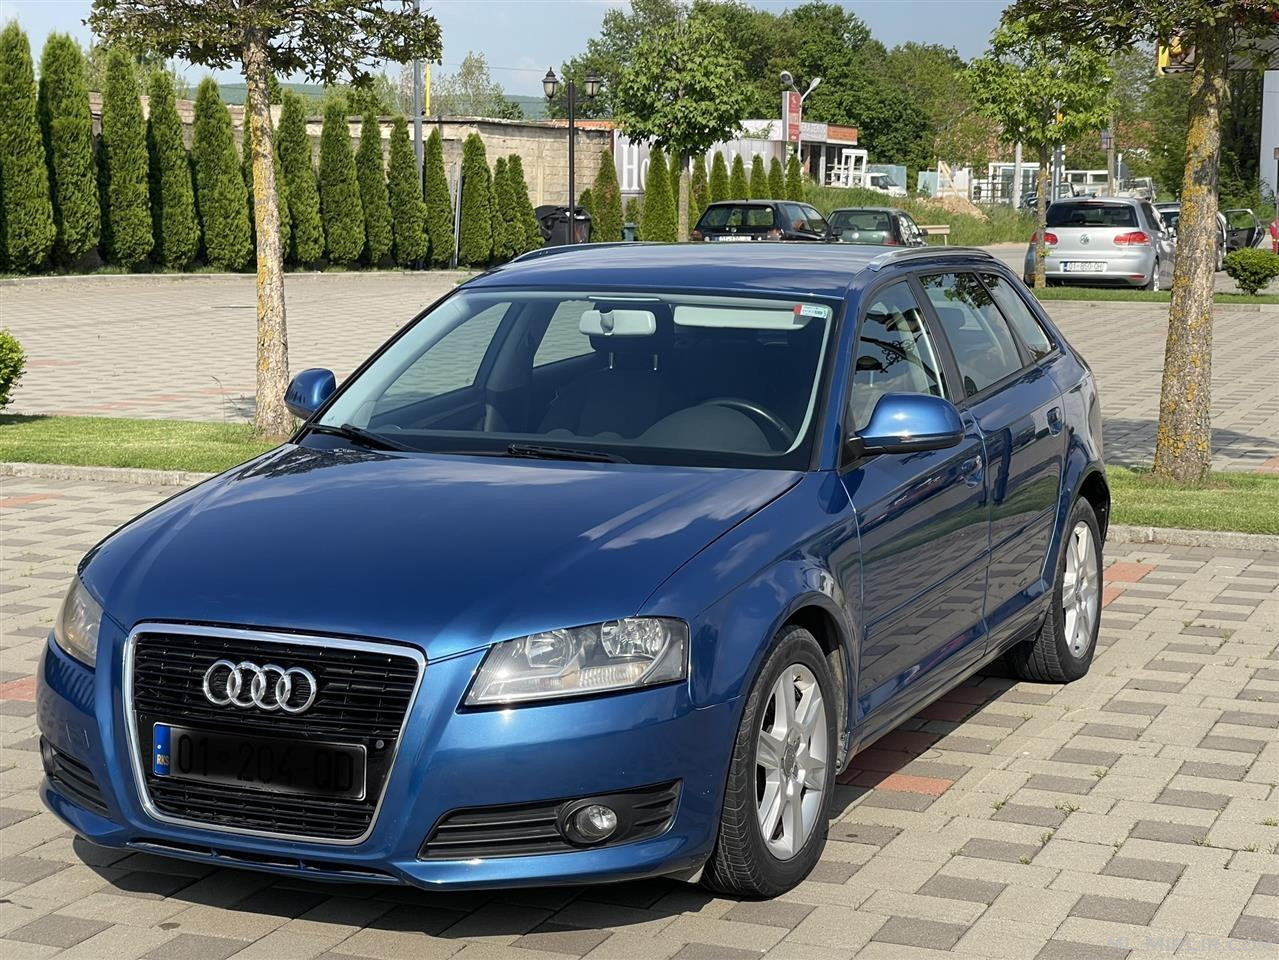 Audi A3 1.6 Automatik tiptronik rks 7 muaj 2011
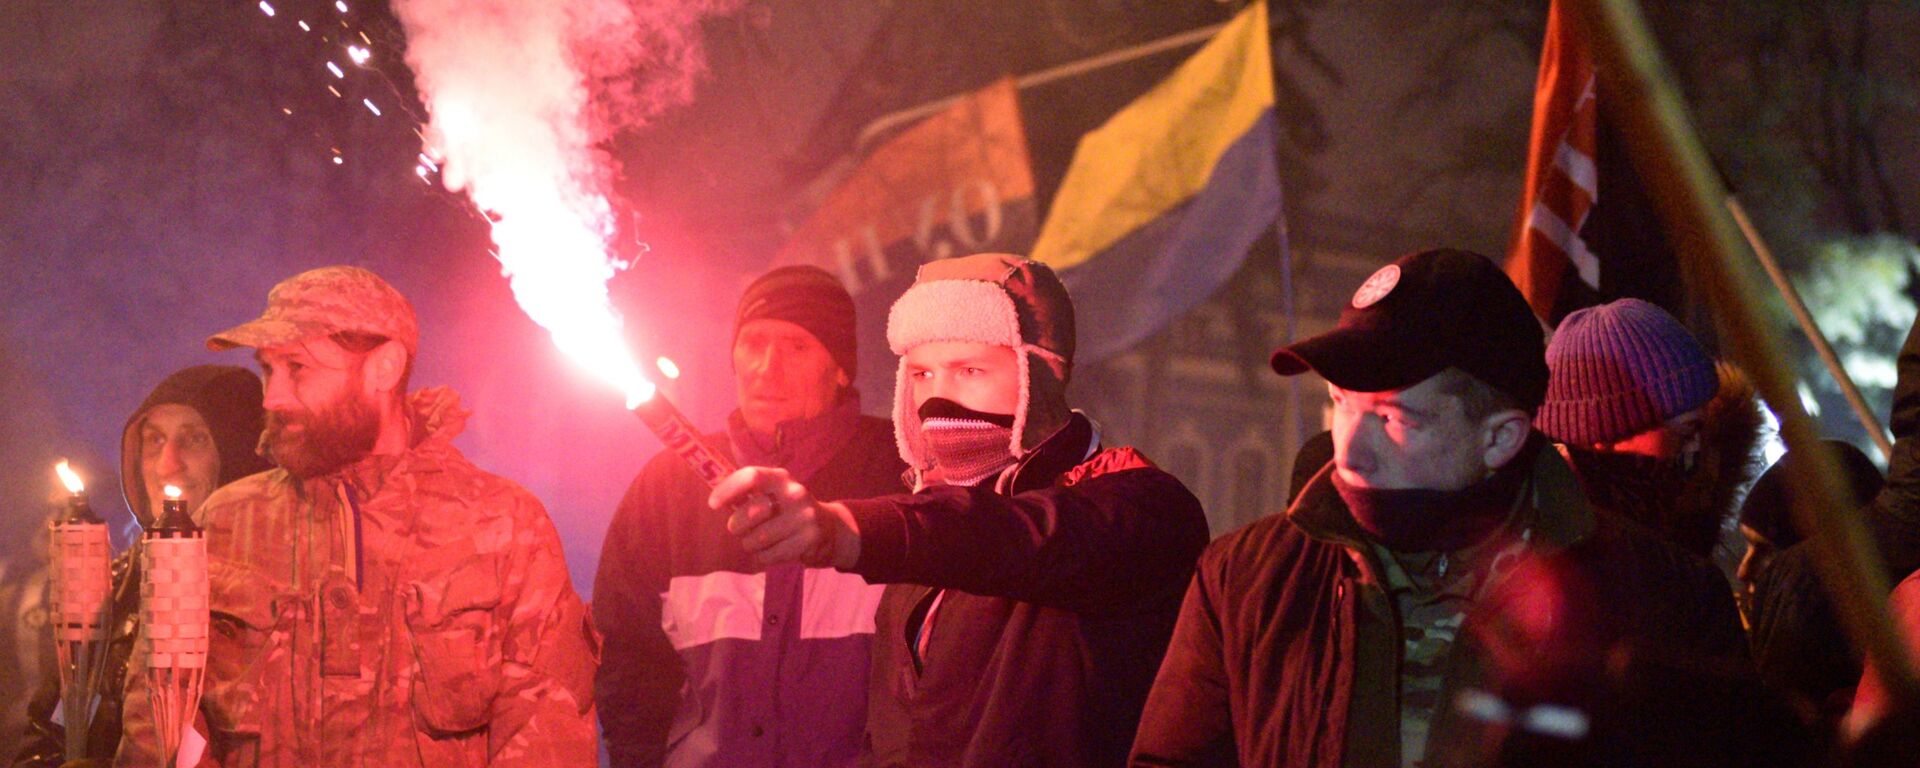 Участники шествия в Киеве, посвященного годовщине начала событий на Майдане - Sputnik Узбекистан, 1920, 20.08.2021
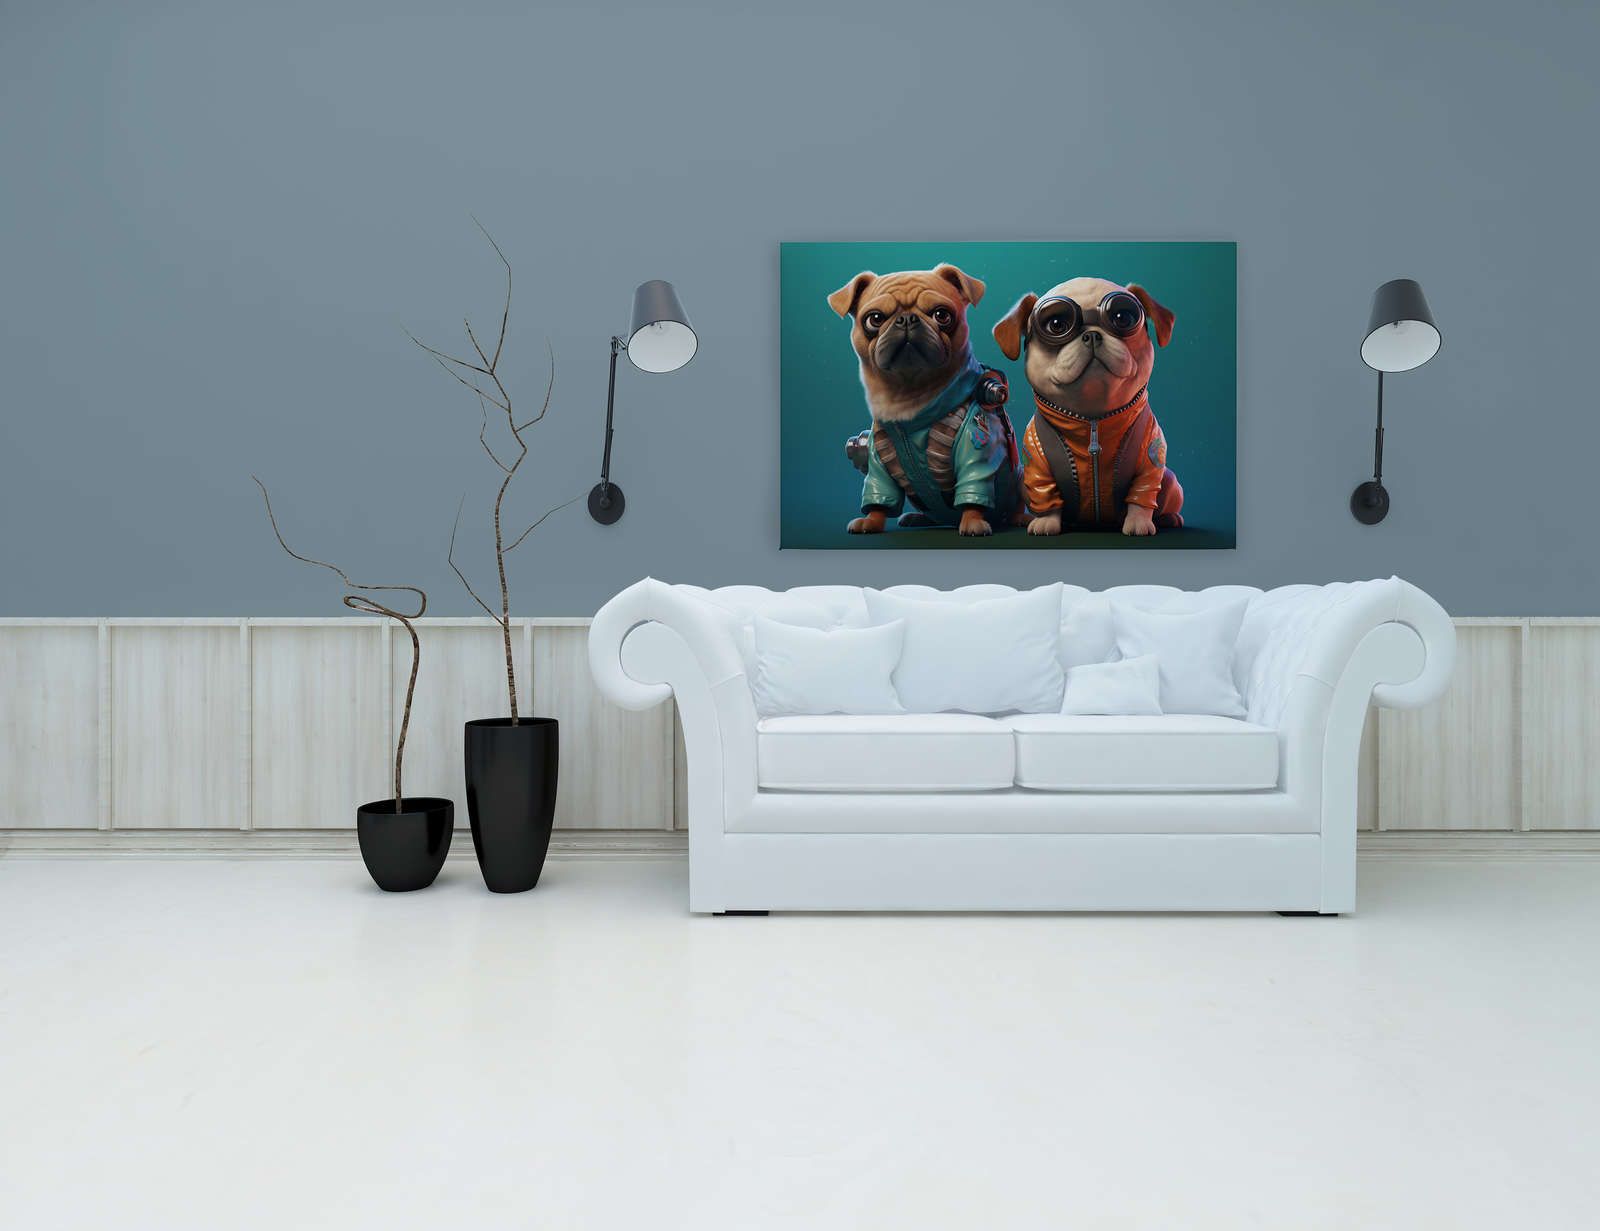             KI-Leinwandbild »Cute Dogs« – 120 cm x 80 cm

────────────────

:: What needs to be done ::
Reproduce every line of the data above, exactly as it stands, but not the pictures.

:: Solution ::
 Audi A3 1.6 Automatik tiptronik rks 7 muaj 2011
 Участники шествия в Киеве, посвященного годовщине начала событий на Майдане - Sputnik Узбекистан, 1920, 20.08.2021
             KI-Leinwandbild »Cute Dogs« – 120 cm x 80 cm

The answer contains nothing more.